Always in demand for lectures and juries, he travelled extensively, from Peru to Pakistan. At successive Venice Biennales he did a plausible impersonation of Gustav von Aschenbach in cream linen suit and Panama hat. And as generations of AR collaborators and co-conspirators can testify, he enjoyed prandial conviviality and was appalled by the relentless creep of the al-desko lunch.

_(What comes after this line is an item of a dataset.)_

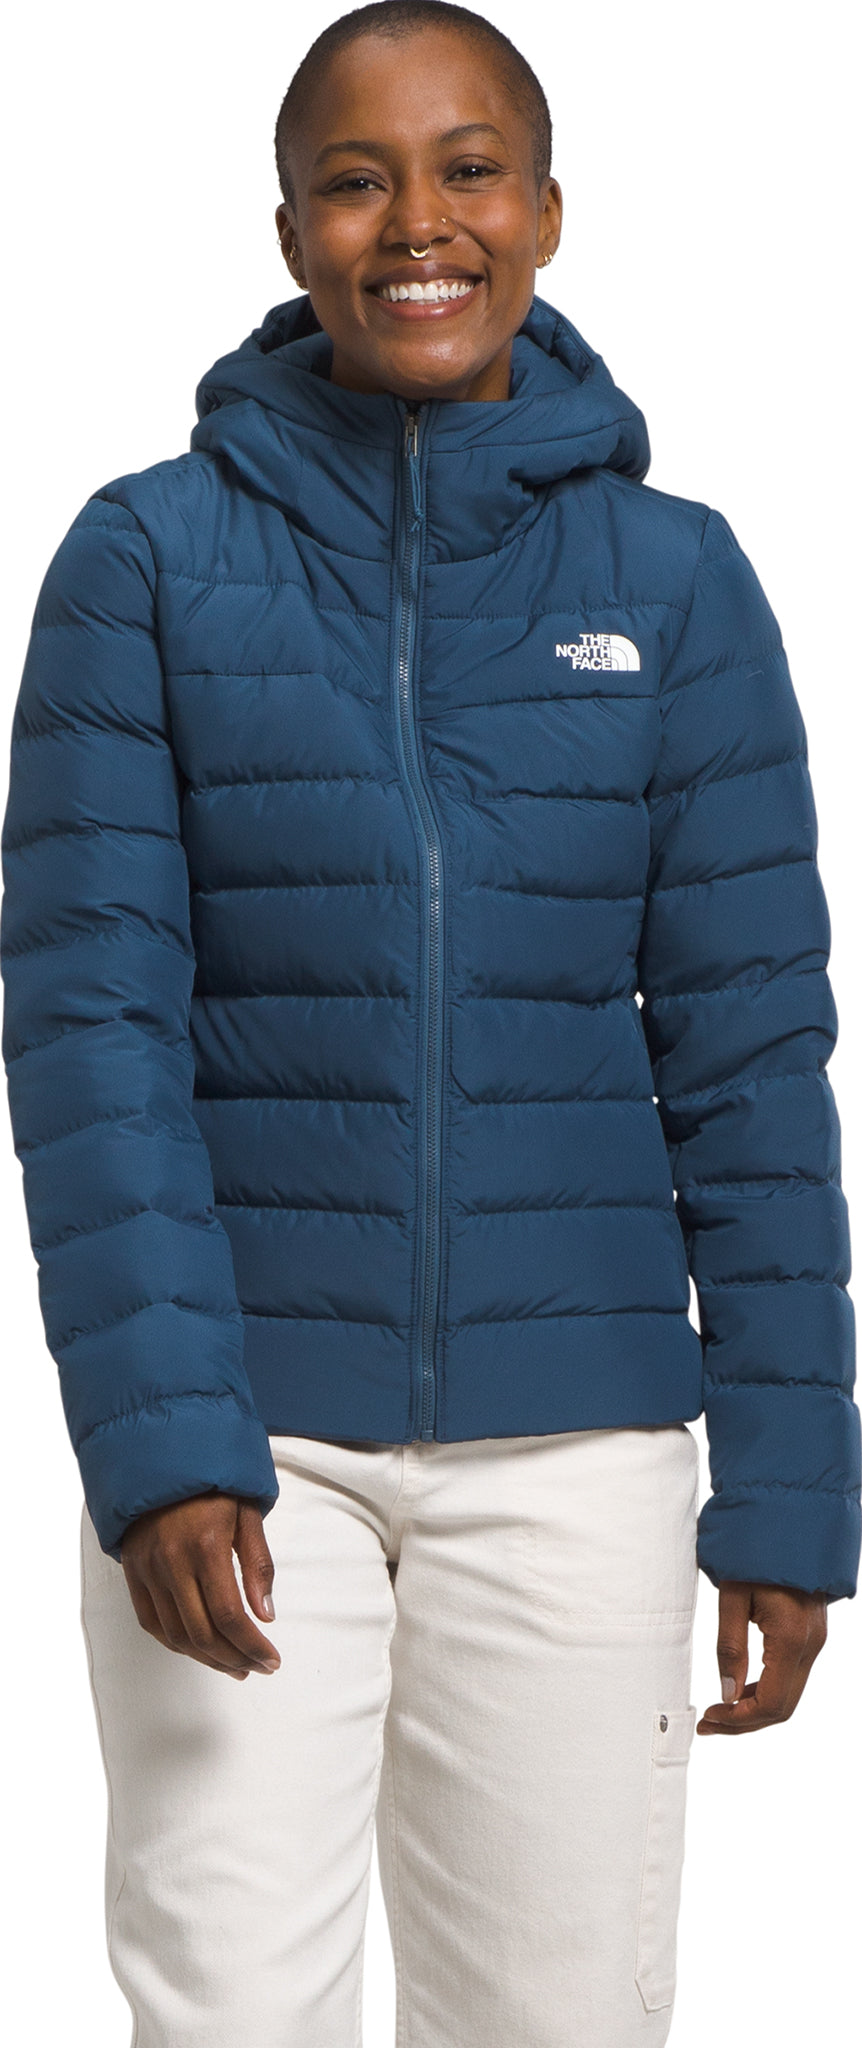 Femmes Accessoires  The North Face Canada

At the time of Davey’s retirement, Kenneth Frampton wrote: ‘One comes to see that the somewhat dandified, detached form of the editor was always a mask that served to conceal a critical acumen of exceptional range and scope’. His final issue of March 2005 was a cri-de-coeur in a world succumbing to the pernicious cult of starchitecture and neoliberal excess. ‘Architecture cannot help being a commentary on human life’, he wrote, ‘but a large number of architects seem determined to demonstrate how indifferent to ordinary concerns they are.’ As well as being a deeply personal loss for his family and friends, his death extinguishes yet another point of light in a generational constellation of critics who illuminated their times. ‘Ave atque vale’ read the invitations to his retirement party at the Royal Academy. Now, sadly, he’s gone for good. Hail and farewell.